11:00-12:45 Poetry for Peace Workshop with Color of Change YaleBlueGreen: Judith Singleton,  Yale Chicago:Margot McMahon 

rsvpybgchicago@gmail.com 

12:45 Poem in the Round: Cynthia Quick

Please bring a water bottle, bike if you can, wear a mask and keep socially distanced.

Or ASAP! Adopt Saplings Project will Live Streamon Facebook Wednesdays April 14th and April 28 5:30-6:15 with Q&A

https://www.facebook.com/margot.mcmahon/

ASAP! Video https://vimeo.com/416453557

EARTHRISE  Amanda Gorman- reading to inspire poetry writing

With a bold, creative action for the 51st Anniversary of Earth Day, ASAP! Adopt Saplings Project teaches volunteers needed sapling care by composting, mulching and watering young trees in Gwendolyn Brooks Brooks Park, 4601 S Greenwood, Chicago. Meet at Brooks Park for sapling care, then writing Poetry for Peace at the Brooks monument.

To infuse society with a radical hope, volunteers will tend a dozen saplings of the 200,000 saplings planted in Chicago Parks.
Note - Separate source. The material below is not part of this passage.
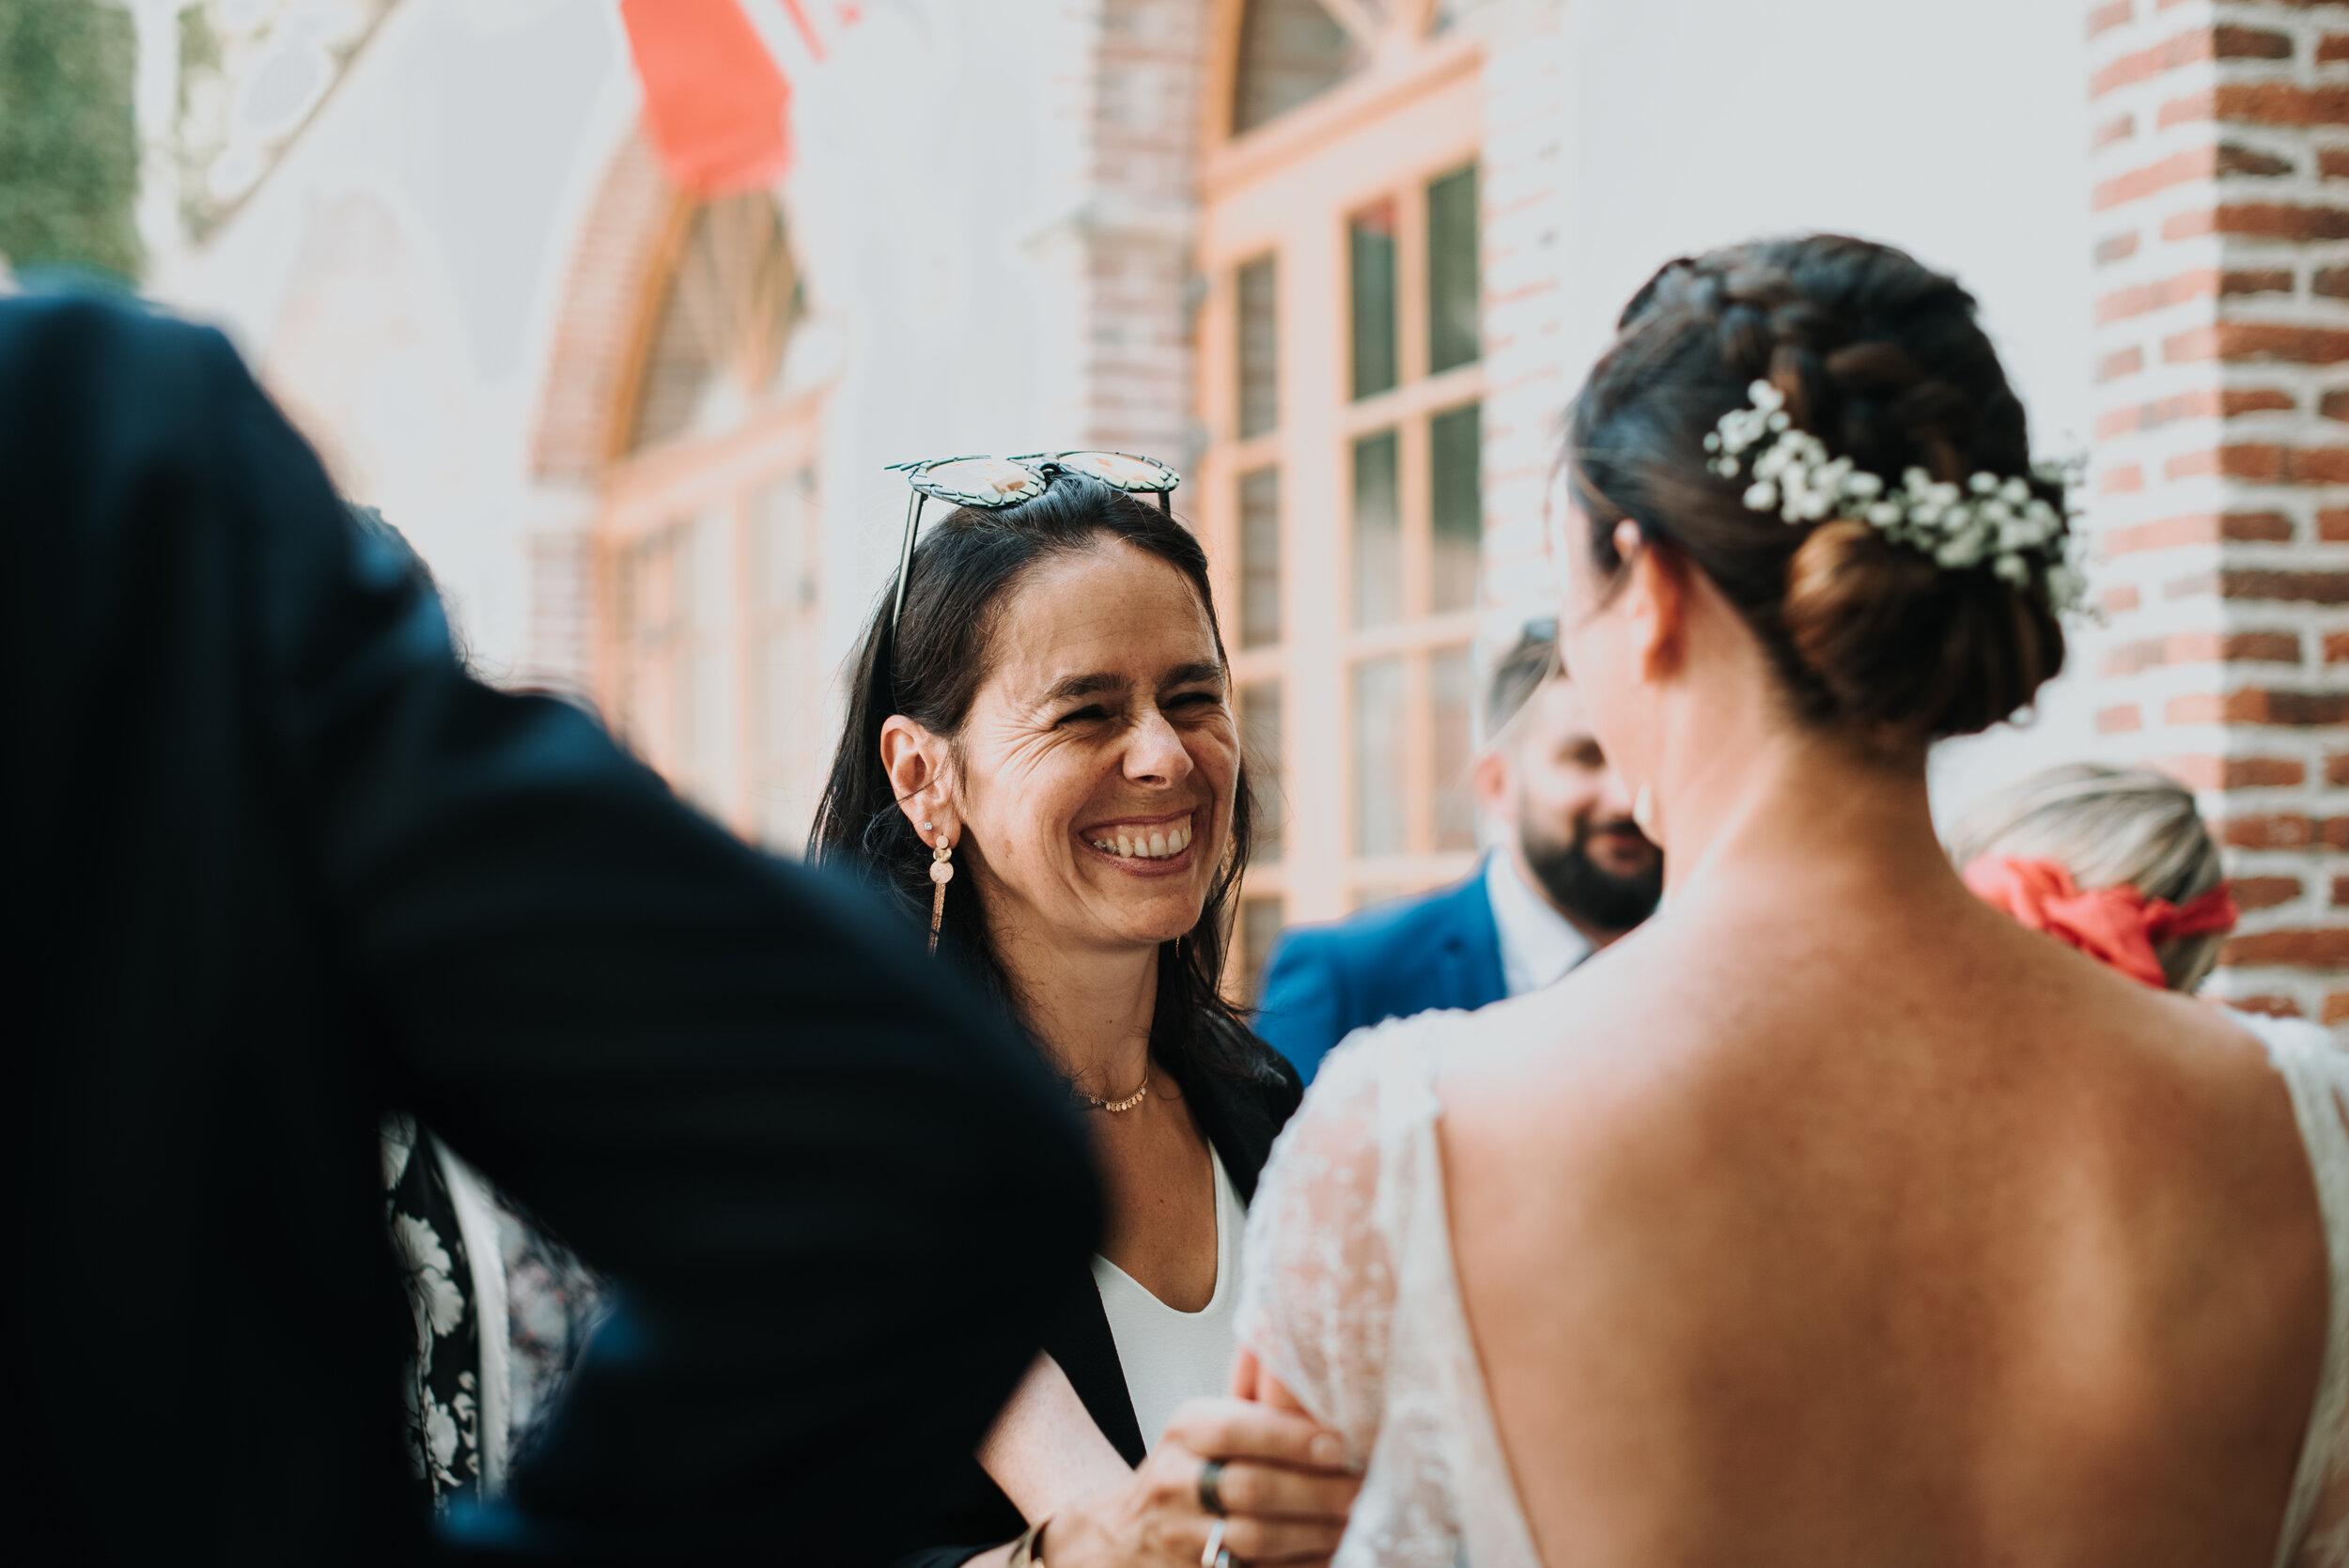 Léa-Fery-photographe-professionnel-Bretagne-portrait-creation-mariage-evenement-evenementiel-famille-1210.jpg
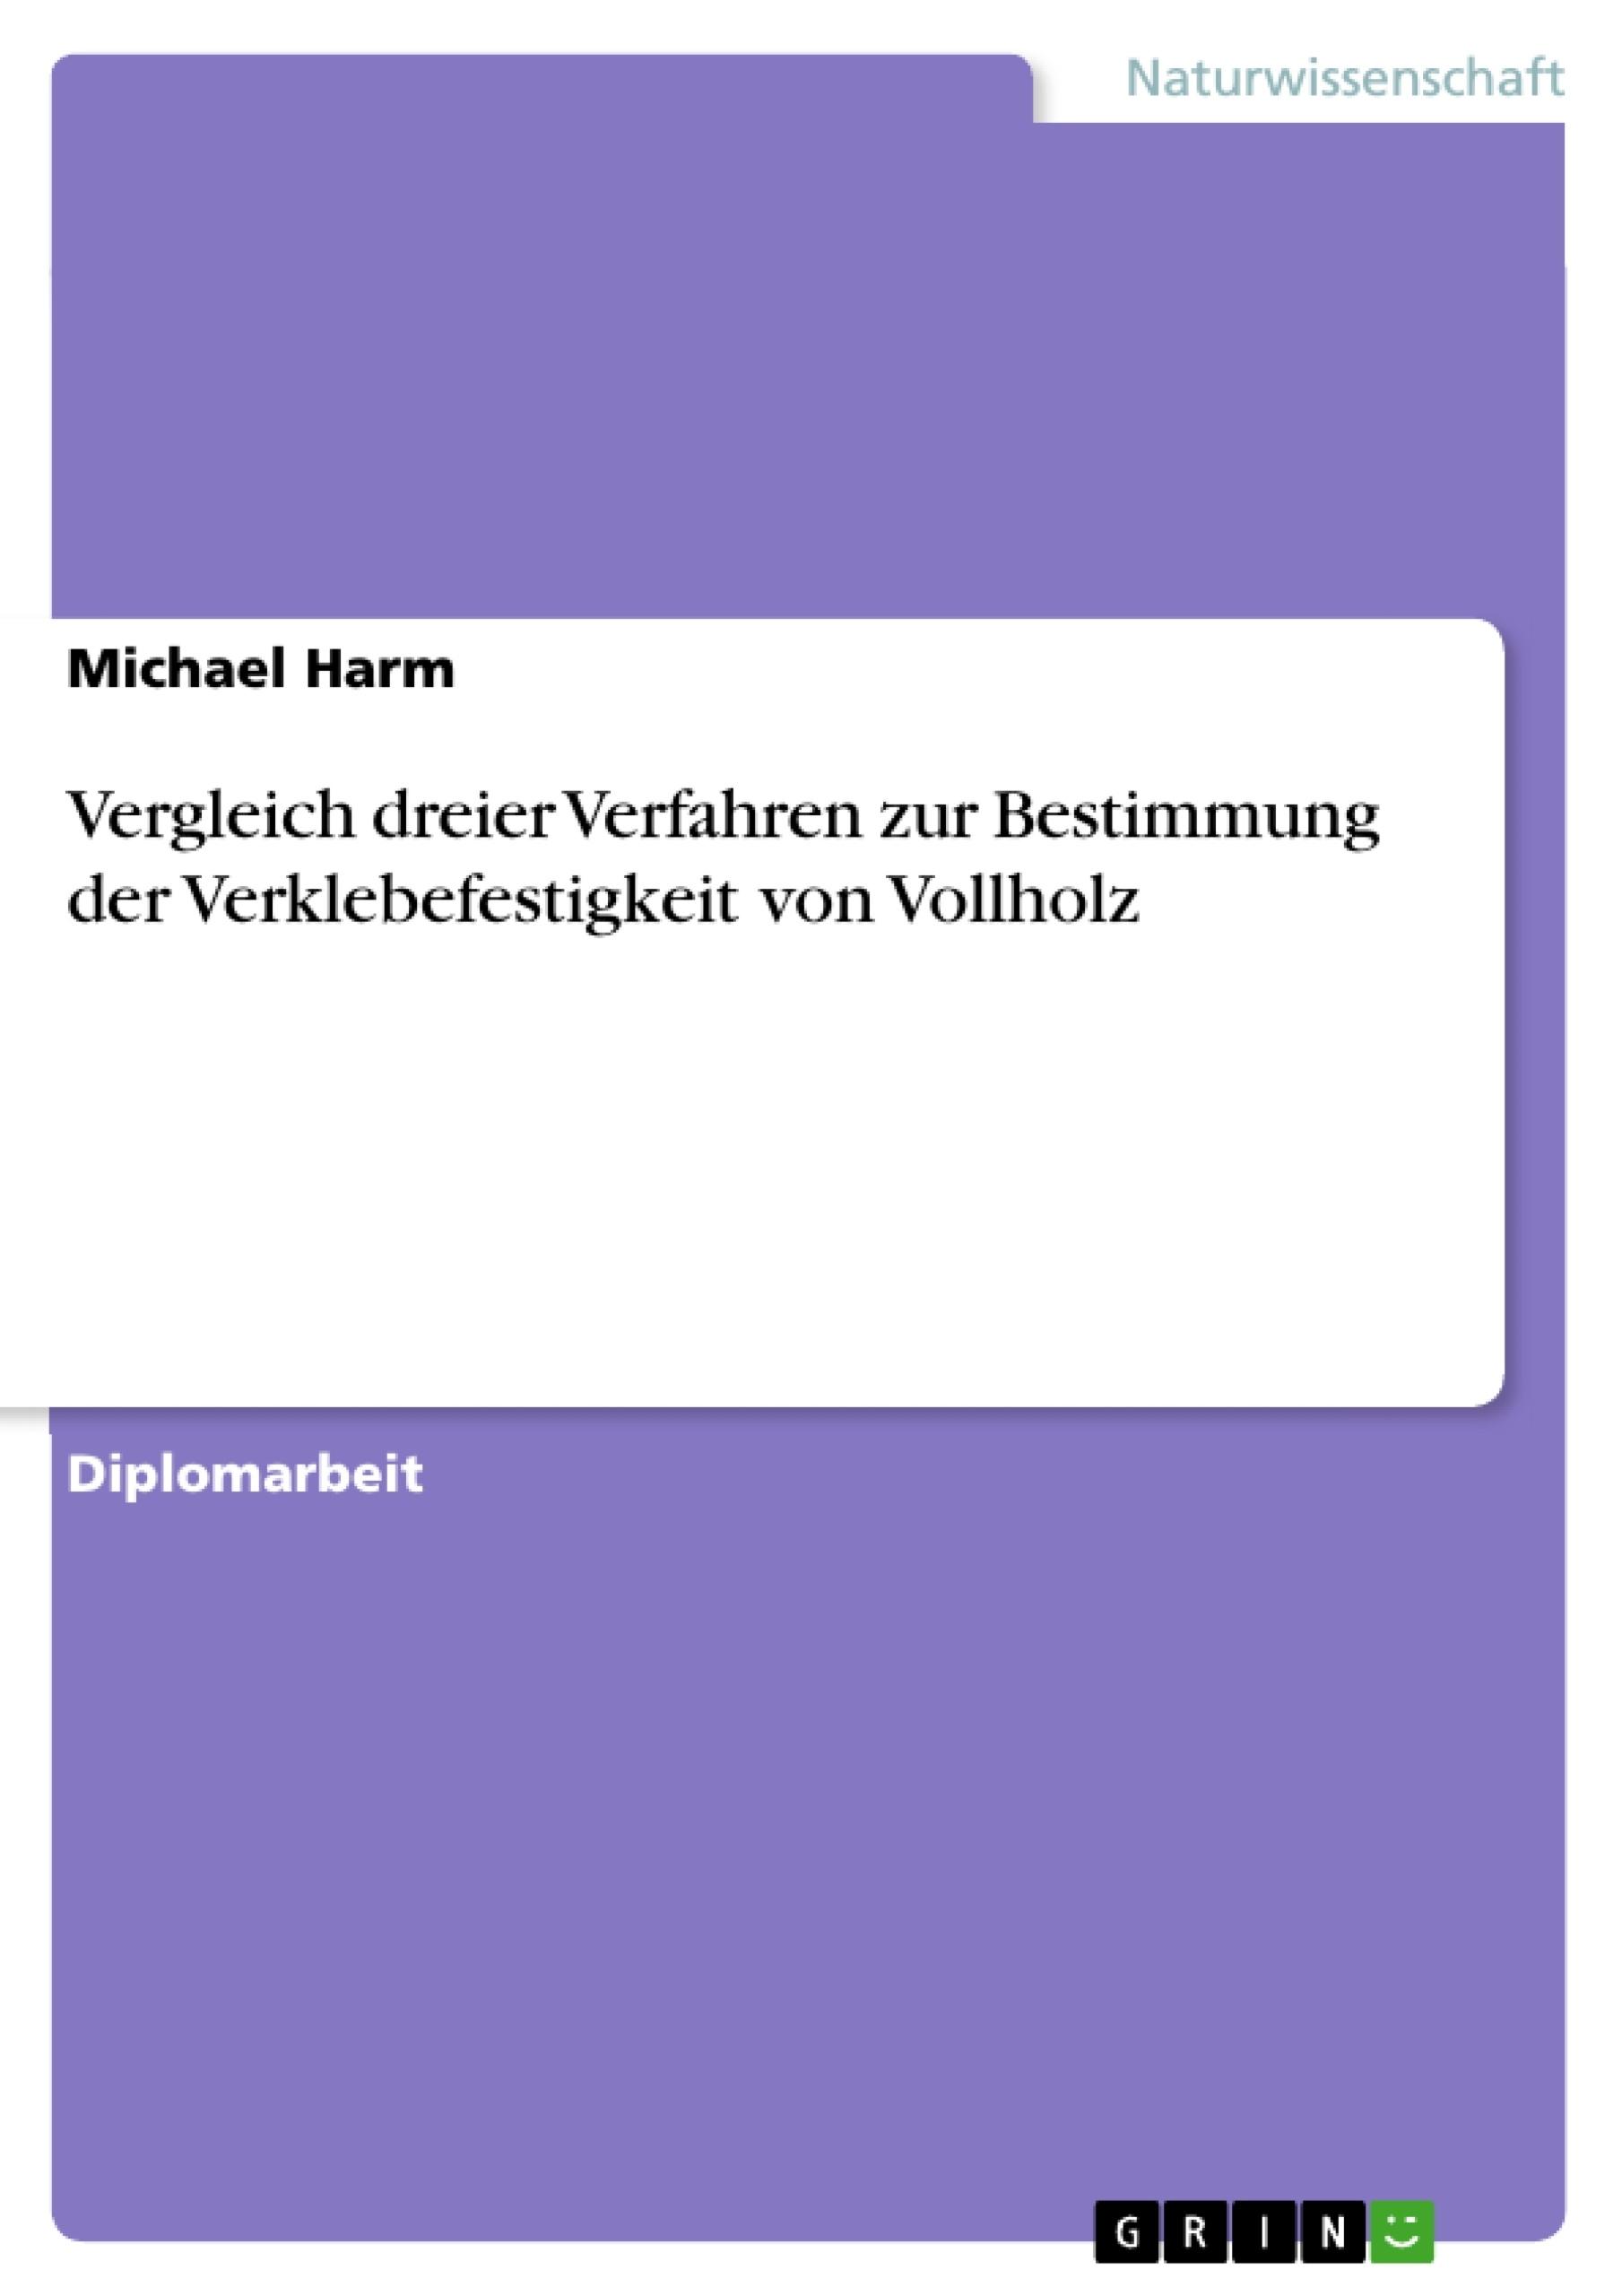 Titel: Vergleich dreier Verfahren zur Bestimmung der Verklebefestigkeit von Vollholz

Volunteers will cultivate with hand tools, compost, mulch, and water to tend saplings. Each volunteer is invited to write a poem to be buried in compost or published on the Brooks monument publishing wall.  After tree care, poems will be to inspire writing with Color of Change participants at the Gwendolyn Brooks Monument. 

Global Vision

Chicago Regional Tree Initiative (CRTI) will plant 22 million sapling to replace and protect its regional forest. Trees clean the air and water, capture carbon, reduce flooding, improve our quality of life and the value of our homes, create habitat for wildlife, and provide significant health and coial benefits.

The Chicago Region Trees Initiative describes its intent: “(CRTI) is a partnership for coordinated action on key issues facing trees. It is the largest such initiative in the country, with leading organizations and agencies from across the seven-county metropolitan region working together. CRTI is leveraging funding, knowledge, skills, and expertise to build a healthier, more diverse regional forest.